The fourth, and possibly the least interesting life position, from a character development point of view – I’m okay, you’re okay – is the generally well-adjusted, respectful, affable type that generally gets on well with everyone else. You may be happy for your daughter to marry him but is he going to make fascinating reading? Perhaps, if you give him a deep, dark secret and some interesting methods of hiding it.

Once your character has a life position, it permeates everything he says or does and it will take a life altering event to cause that to change. But your protagonist must change. He must grow and develop as the story progresses and emerge at the end a better, wiser soul. What better way to achieves this than to facilitate the shift from one life position to another? The intense pressure to solve the mystery, rescue the girl, find the holy grail, save the world, or whatever mission your protagonist is on, should be this catalyst for change.
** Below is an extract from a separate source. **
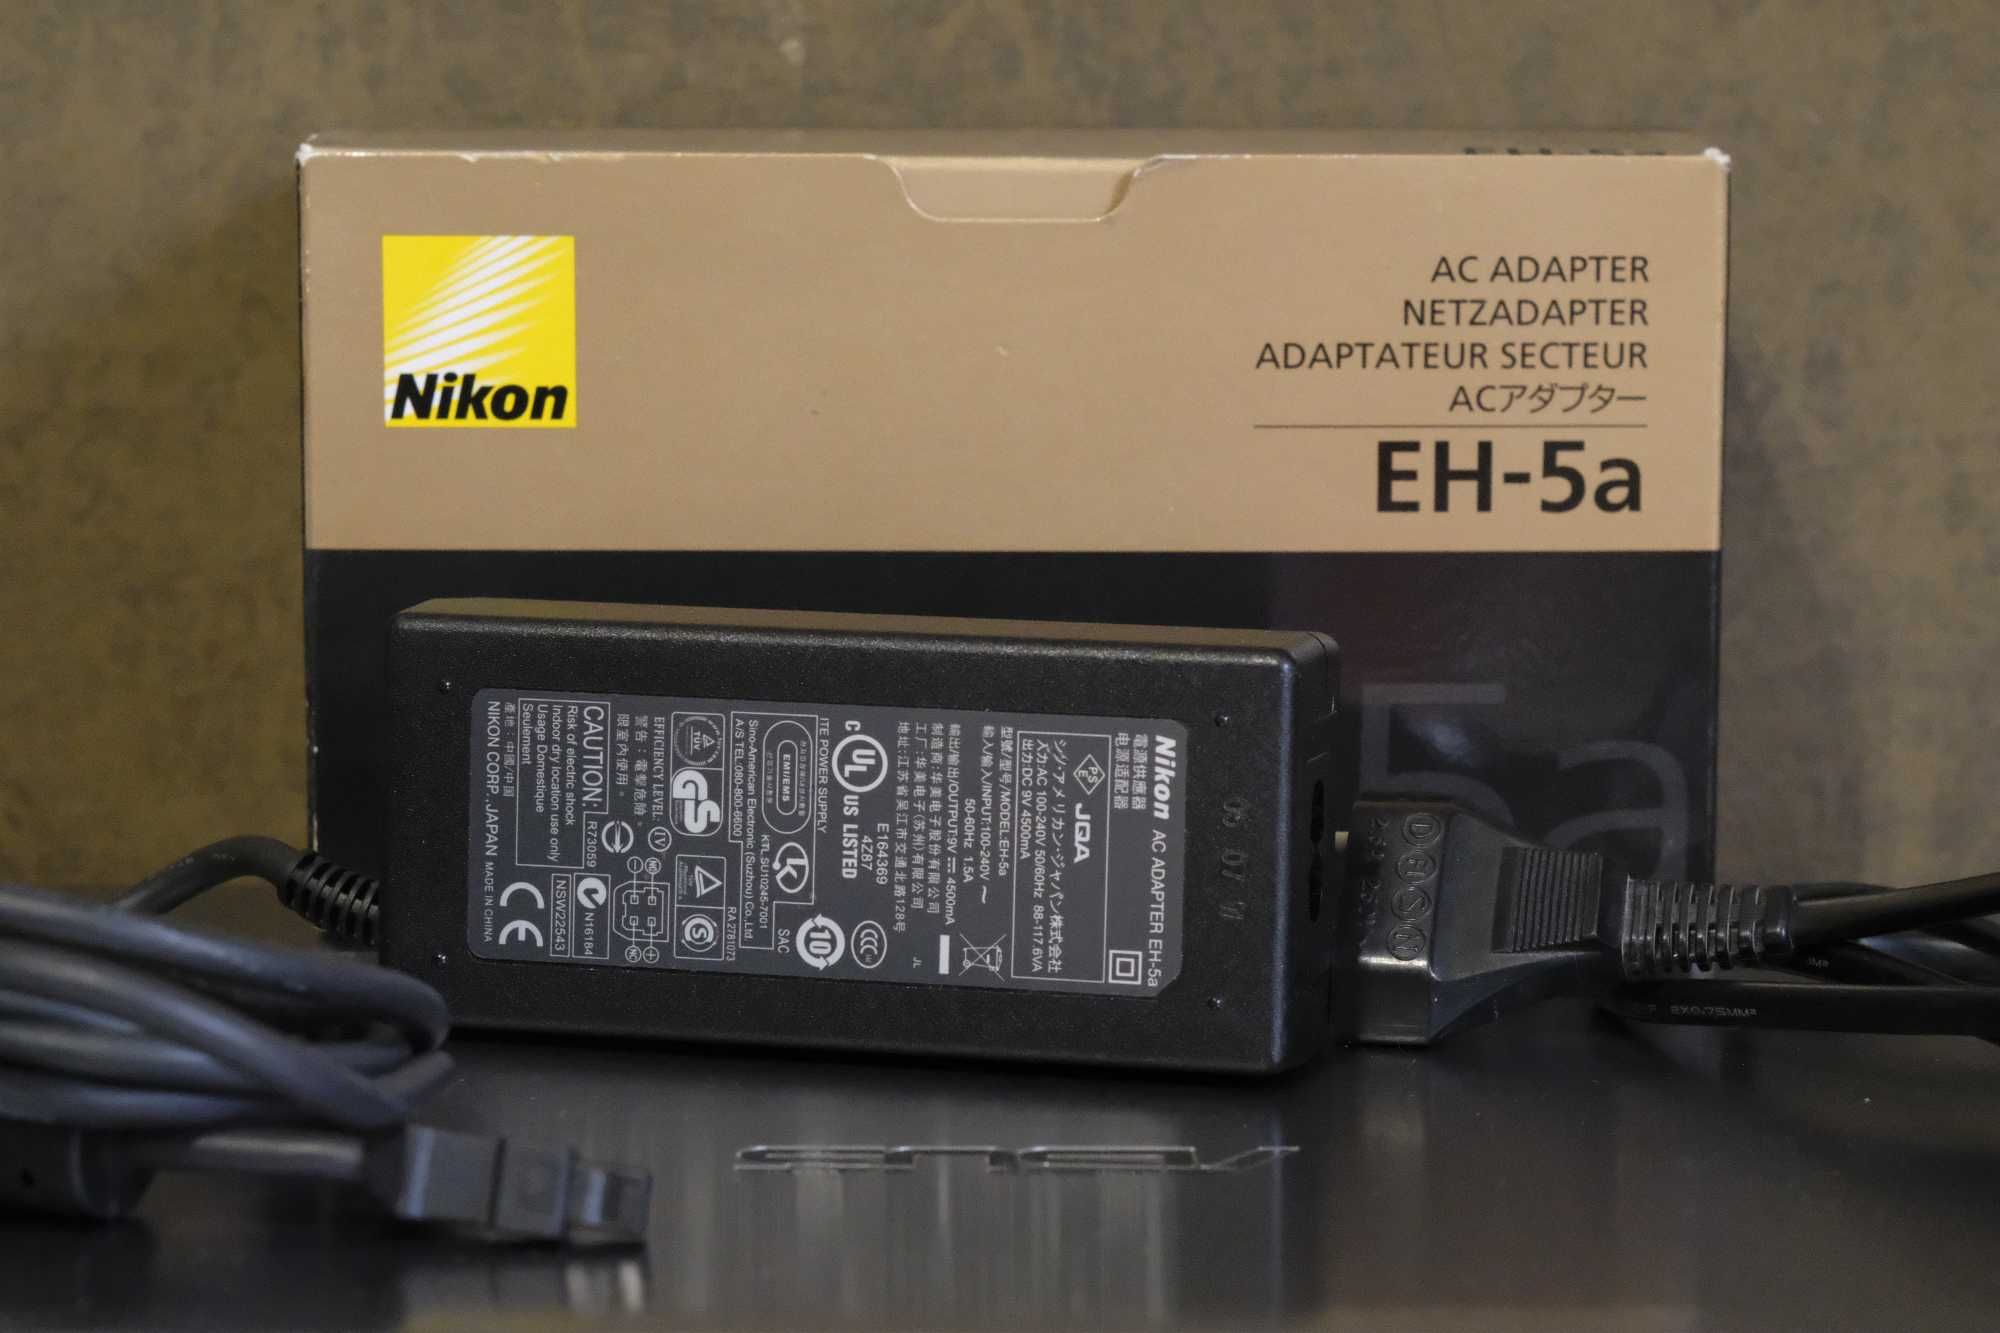 NIKON EP-5A power connector + NIKON EH-5A ac adapter netzadapter

As a reader, I find it satisfying when the protagonist has achieved some personal growth, and as a writer, I work hard to create it.
   
Using these life positions has helped me give my characters more ‘stuffing’, plumped them out a bit and added a set of core beliefs which, I hope, will make them more memorable. It certainly has made them easier to create and they practically write themselves. A lot like making cloth dolls, only simpler.


Disclaimer: No dolls were harmed in the making of this blog. In fact, after some brief counseling, they were handed over to the kiddies, where they will possibly do some good.